Michael Vakitiotis has an interesting take on the Anwar release in the current Far Eastern Economic Review. The way he (and Anwar) see it, Anwar and former Indonesian president Habibie represent a pan-South-East-Asian movement towards a more tolerant and pluralistic Islam. I'm sure many Malaysians might say that Anwar's Umno Youth days didn't reveal a particularly tolearant attitude, but still, I think it is an interesting argument. Whether Habibie and Anwar end up on the scrap-heap of busted 1990s leaders or do manage to lead their countries away from confrontation with the West remains to be seen. Anyway, here is the gist of the argument: "

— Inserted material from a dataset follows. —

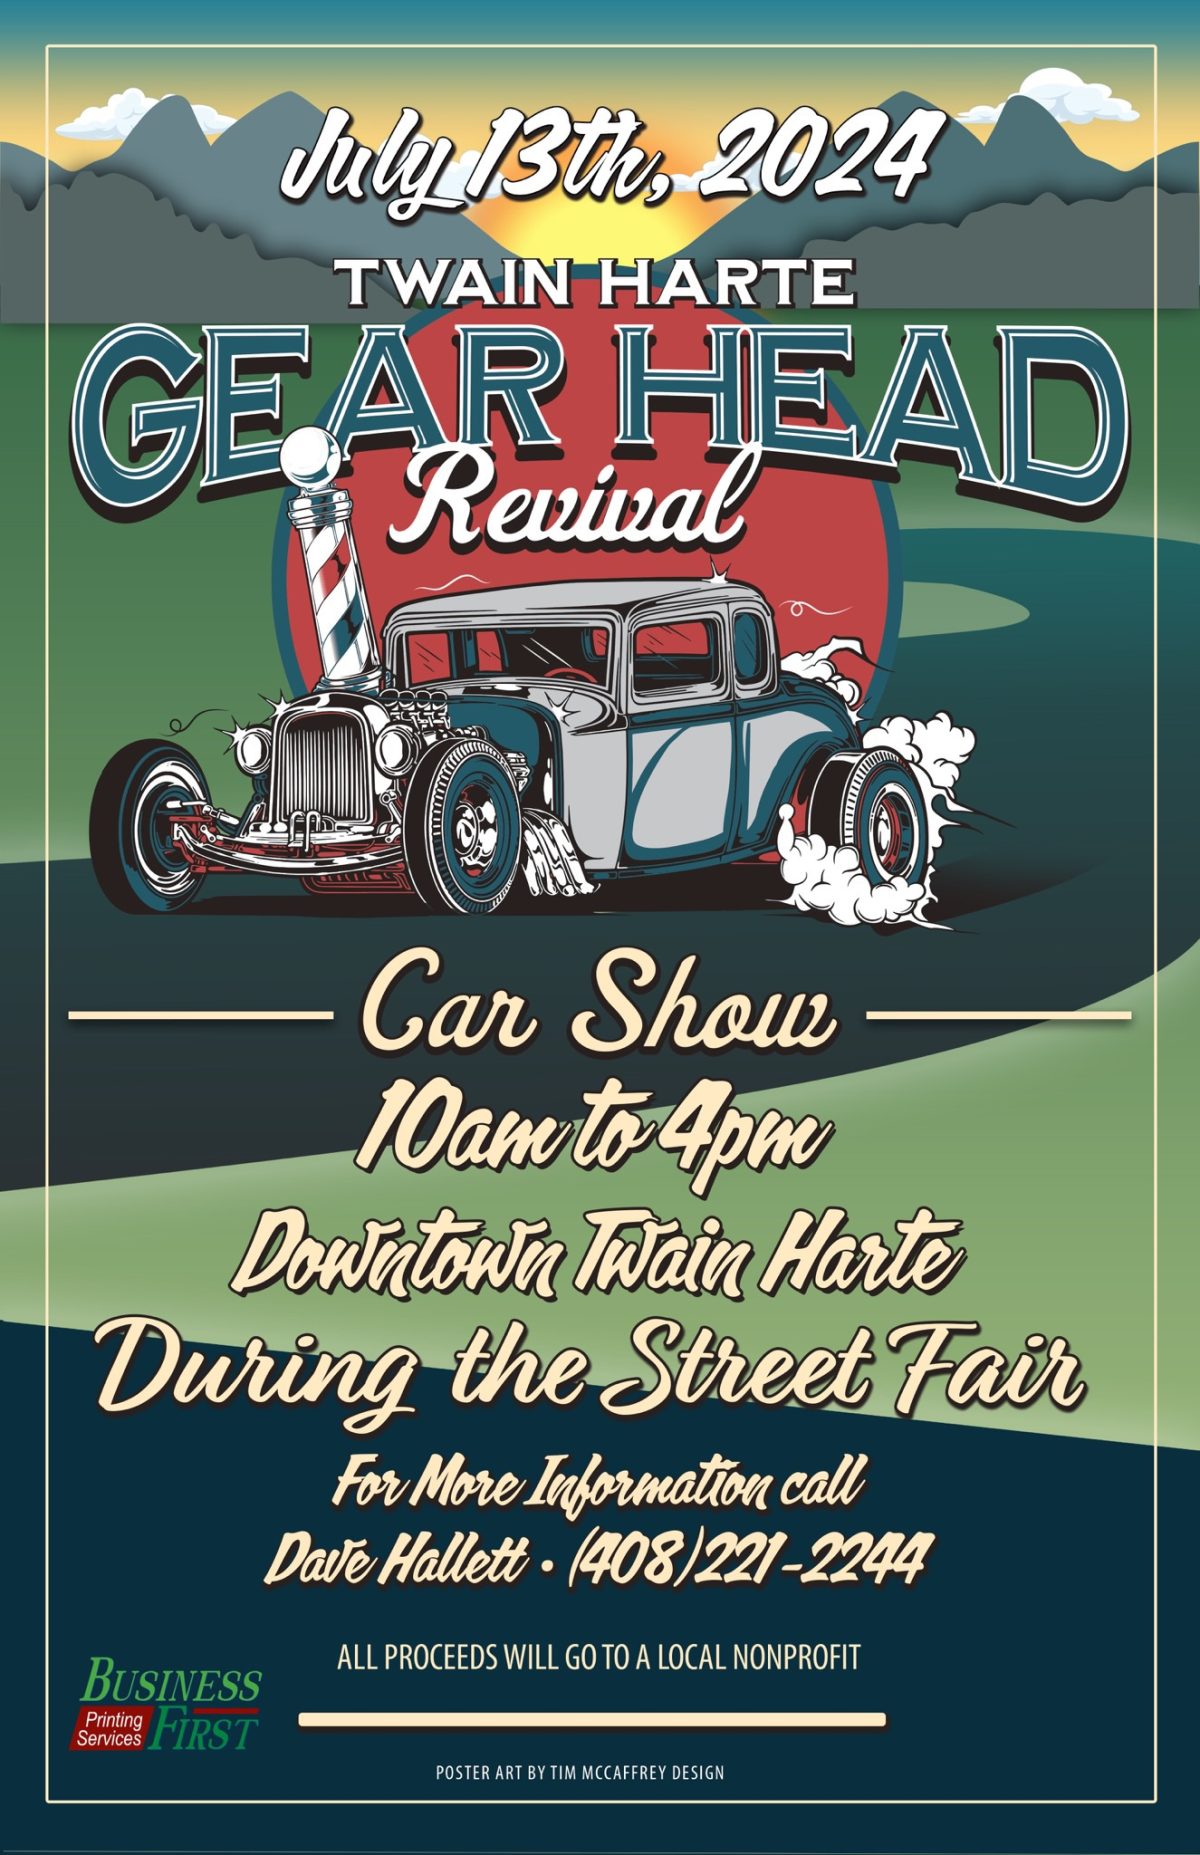 Gear Head Revival Car Show

Habibie's influence over Anwar isn't easily dismissed. The diminutive former president founded a reformist Islamic movement in Indonesia in 1990. Habibie worked closely with Anwar in the mid-1990s to promote a tolerant and constructive brand of Islam which they hoped would influence the religion worldwide and head off what they saw as a dangerous trend towards intolerance and confrontation with the West.
Together they gave speeches and formed think-tanks in which young Muslim scholars synthesized the best of Western social science and philosophy with Islamic thinking. They were both leaders in waiting, and they attracted young and ambitious thinkers who saw in them the way to an end to decades of religious conflict and authoritarianism.
What a difference a decade makes. The harsh realities of politics interrupted their intellectual discourse. Anwar was sacked as deputy prime minister in 1998 and soon after went to jail, while Habibie lost Indonesia's 1999 presidential election. Their push for Islamic pluralism crumbled along with the so-called Asian economic miracle. In its place an intolerant and radical brand of Islamic thinking took root in the Islamic schools that Anwar and Habibie had wanted to influence.
Now that Anwar is free, Habibie and other scholars and thinkers around the region are hoping the former Muslim radical will resume his quest for a tolerant, progressive Islam to counter the fundamentalism blamed for a surge in terrorism.